Why All of These Trends Happened Together
No single factor explains the broad deterioration in mental health over the past 30 years. Instead, several forces have operated simultaneously. Diagnostic criteria have expanded, which increases the number of people who qualify for a diagnosis. Social media and smartphones, which became ubiquitous in the early 2010s, correlate closely with the acceleration in teen depression and anxiety. Community bonds have weakened steadily since the 1970s. Economic instability has grown for younger generations compared to their parents. And the COVID-19 pandemic compressed years of potential psychological damage into a few months of isolation, fear, and disruption.
Greater awareness and reduced stigma also play a role. People today are far more willing to describe their experiences using mental health language and to seek help than they were even 20 years ago. This means more cases get reported, more people enter treatment, and survey data captures distress that previously went unmentioned. That’s a genuine improvement in how society handles mental health, even as the underlying numbers look worse.

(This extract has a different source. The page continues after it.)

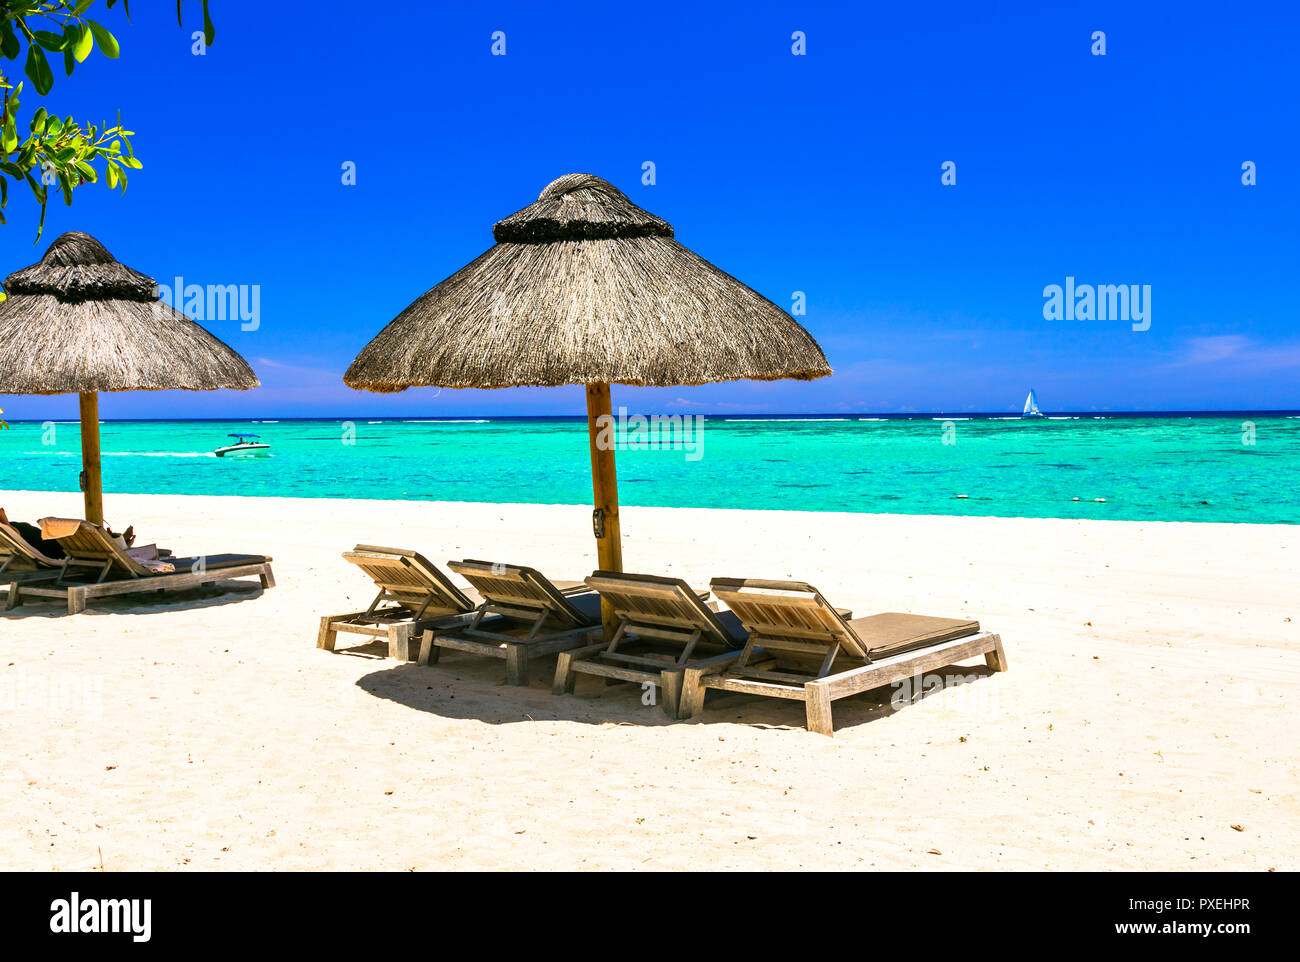 Vacances tropicales à l'île Maurice,avec vue sur la mer d'azur et de parasols. Banque D'Images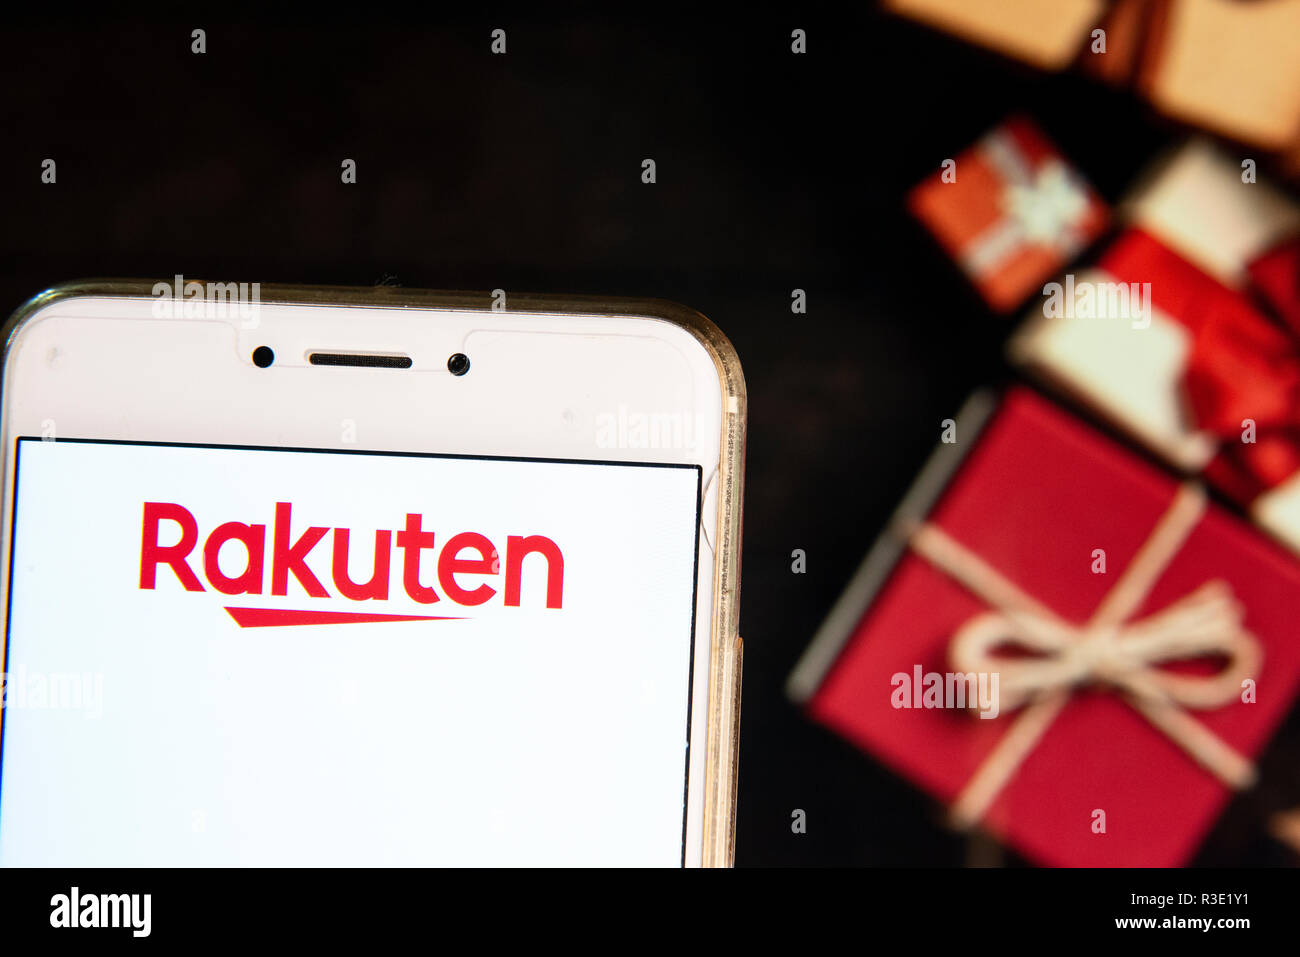 Giapponese del commercio elettronico e la società Internet Rakuten logo è visibile su un androide dispositivo mobile con un Natale regali avvolti in background. Foto Stock

The overall picture is that mental health has worsened by most objective measures, the tools for identifying it have become more sensitive, and the social conditions that protect it have deteriorated. These trends reinforce each other. A lonelier, more anxious population is also more likely to seek diagnoses, which shows up as higher prevalence, which shapes public perception of a crisis, which in turn drives policy and research attention. Whether that attention translates into meaningful improvement will depend on whether societies address the structural causes, particularly social disconnection and economic pressure, rather than treating mental health as purely an individual medical problem.